Vulkan™ is designed to have significantly smaller CPU overhead compared to other APIs like OpenGL®. This is achieved by various means – the API is structured to do more work up-front, such as creating the pipeline state once and binding it many times instead of having to continuously set various state bits, and many API calls do more work per call, for example vkCmdBindVertexBuffers can bind all vertex buffer objects used by the vertex shader stage in one call. However a complex application can still end up calling various Vulkan functions tens or hundreds of thousands of times per frame. This article will look at costs associated with that, and ways to bring them down.

Loader dispatch

By default, applications on Windows link to vulkan-1.dll and API calls go through that DLL, which contains the Vulkan loader.
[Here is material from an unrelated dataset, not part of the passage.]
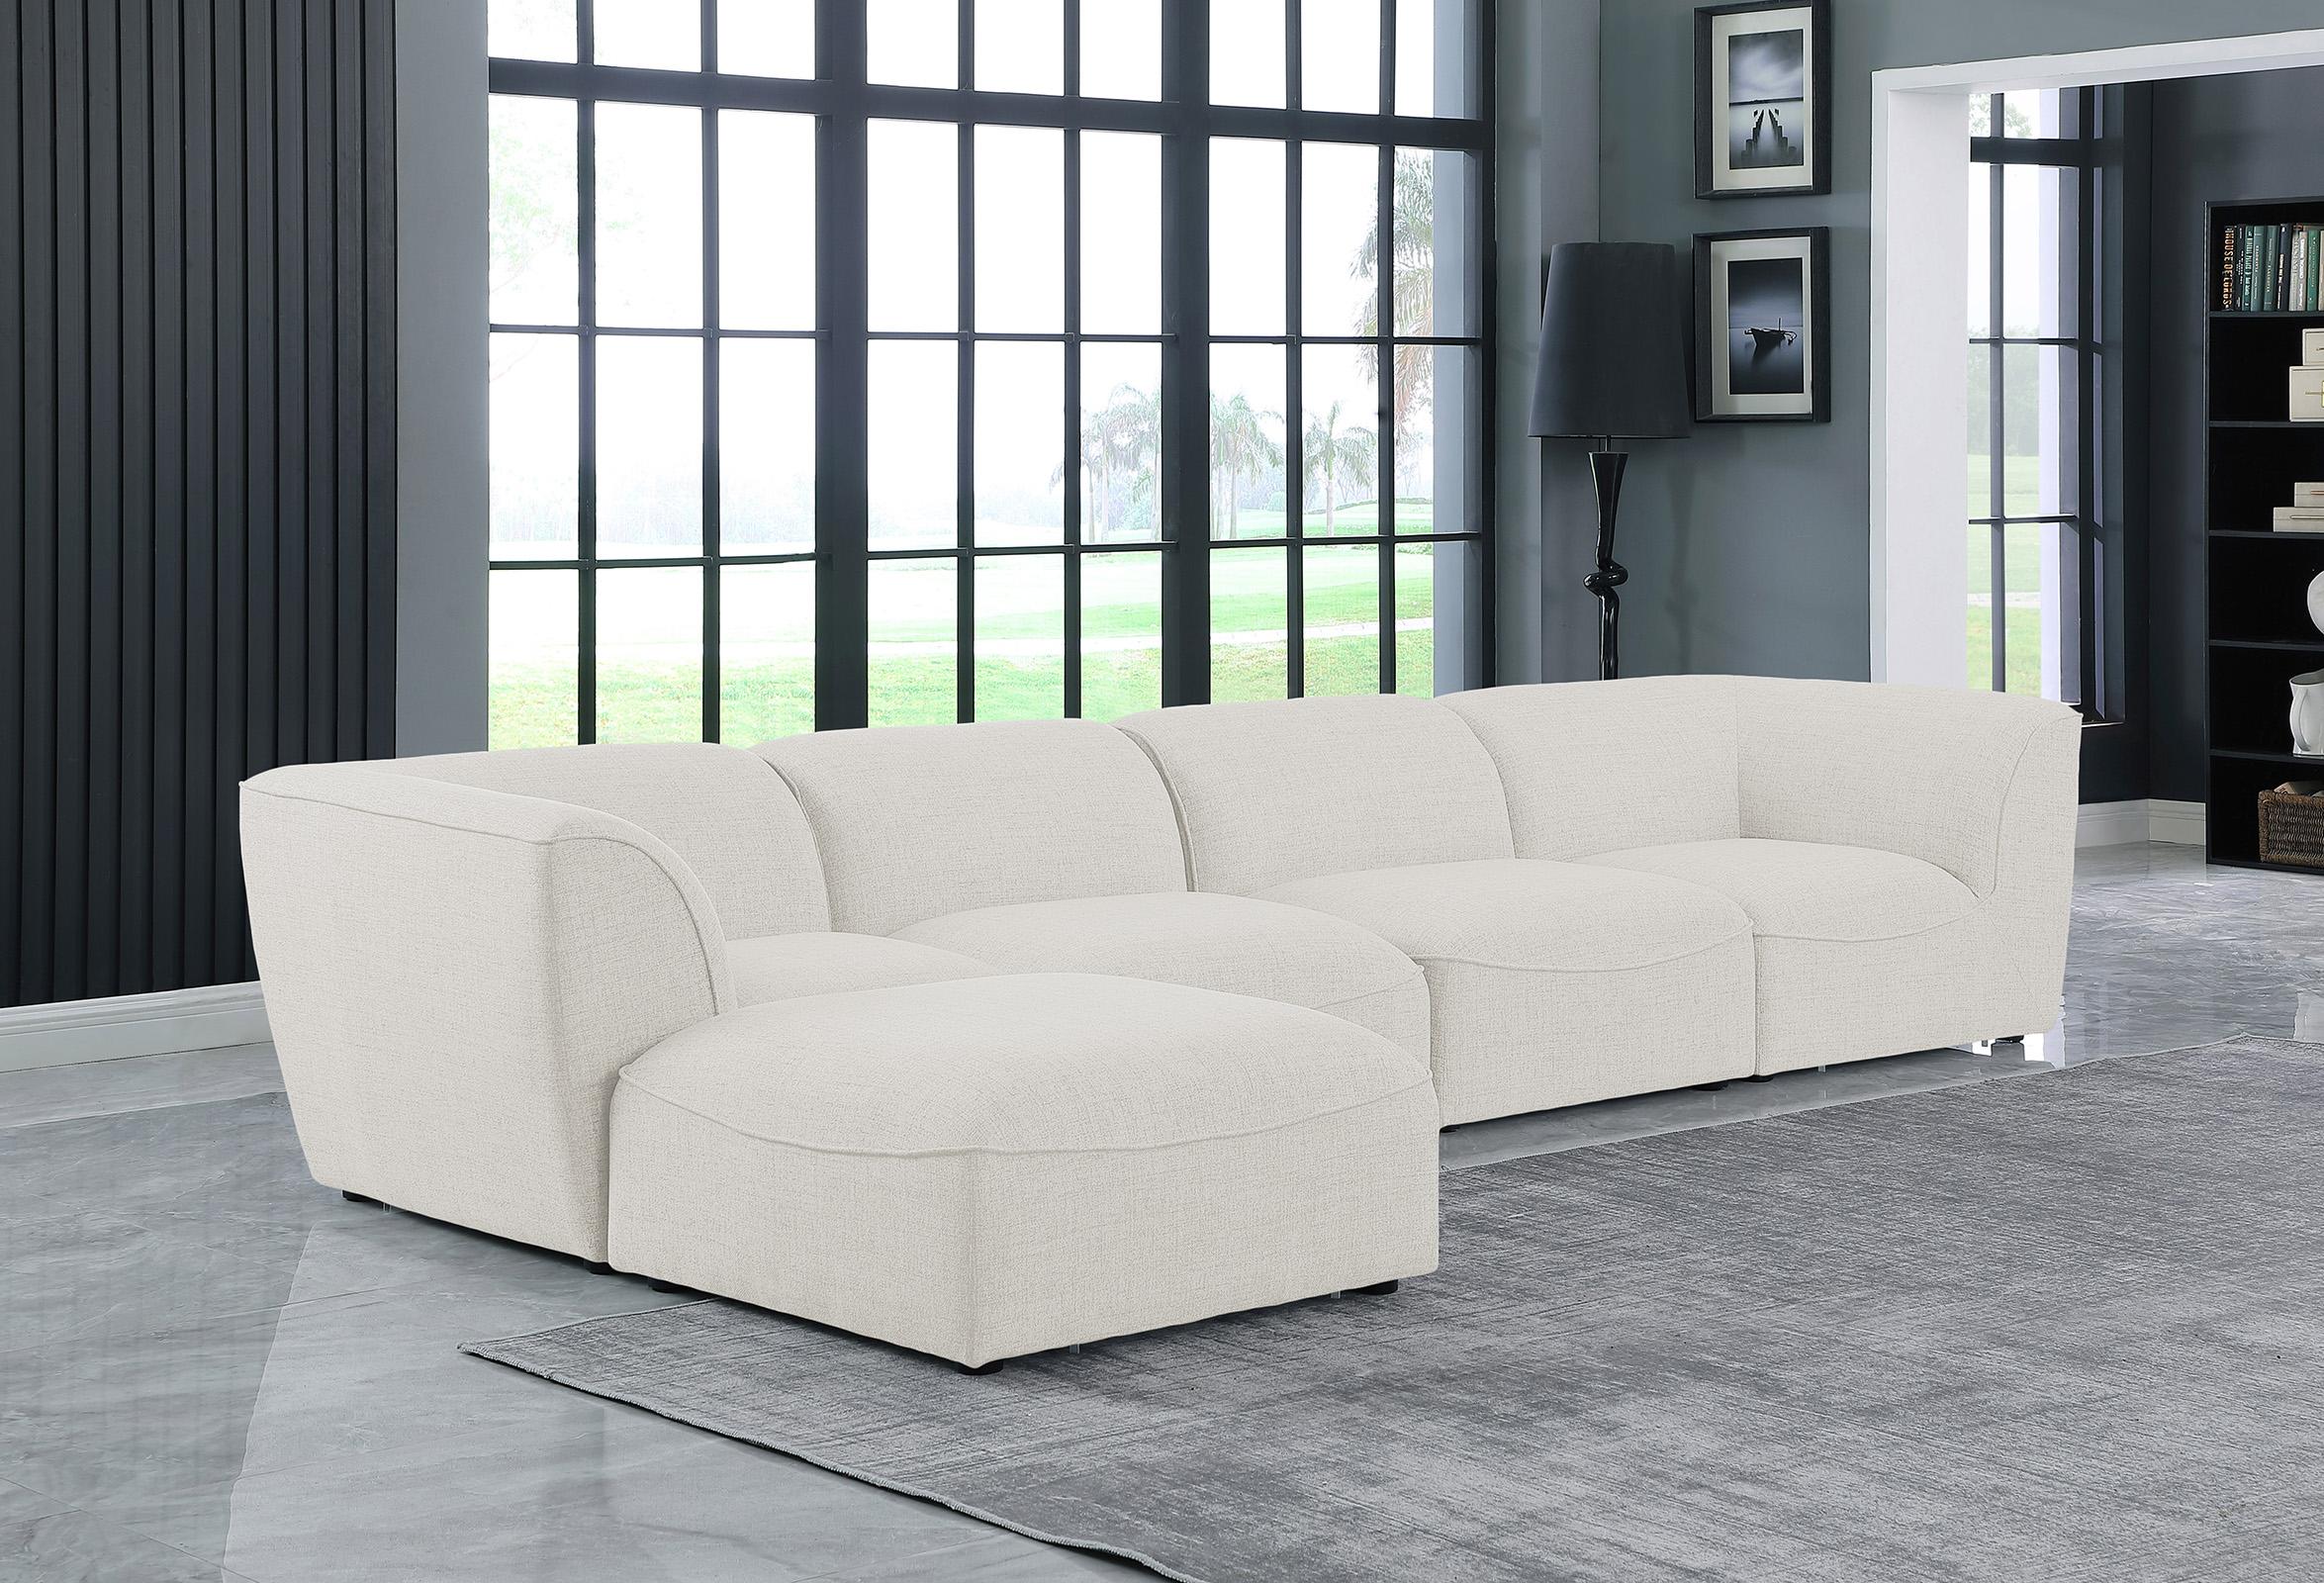 

        
Meridian Furniture MIRAMAR 683Cream-Sec5A Modular Sectional Sofa Cream Linen 94308264592

While the SDK provides a statically linked loader (VKstatic.1.lib), using it can create a compatibility hazard – if the process of loading Vulkan layers/driver changes, the old loader code might not work in the future. The same, of course, can be said of bundling vulkan-1.dll with your application; the most future-proof method seems to be to rely on vulkan-1.dll that the graphics driver installs to the system path.
The loader ( vulkan-1.dll ) exports all Vulkan functions; let’s look at the source code for one of them, vkCmdDraw (located in trampoline.c ):

static inline VkLayerDispatchTable *loader_get_dispatch(const void *obj) {
return *((VkLayerDispatchTable **)obj);
} LOADER_EXPORT VKAPI_ATTR void VKAPI_CALL vkCmdDraw(VkCommandBuffer commandBuffer,
uint32_t vertexCount, uint32_t instanceCount, uint32_t firstVertex, uint32_t firstInstance) {
const VkLayerDispatchTable *disp;
disp = loader_get_dispatch(commandBuffer);
disp->CmdDraw(commandBuffer, vertexCount, instanceCount, firstVertex, firstInstance);
}

Whenever you call a Vulkan function, it has to get the dispatch table that contains the pointer to the “real” function – which generally is located inside the graphics driver, or inside a validation layer if one is enabled. The pointer to the table is stored at the beginning of memory pointed to by the dispatchable handle – in this case, VkCommandBuffer . This allows your code to work even in the presence of multiple drivers/devices loaded into the same process, and looks like a manual implementation of a virtual function call. This probably has a cost, but how bad can this cost be?

Tracing the call

Let’s look at what actually happens when you link to vulkan-1.dll and call VkCmdDraw ! We will examine the instructions executed in Release build of Vulkan cube demo, targeting Windows x86 (the overhead in Windows x64 build is less significant, but it can still reduce performance by a few percent).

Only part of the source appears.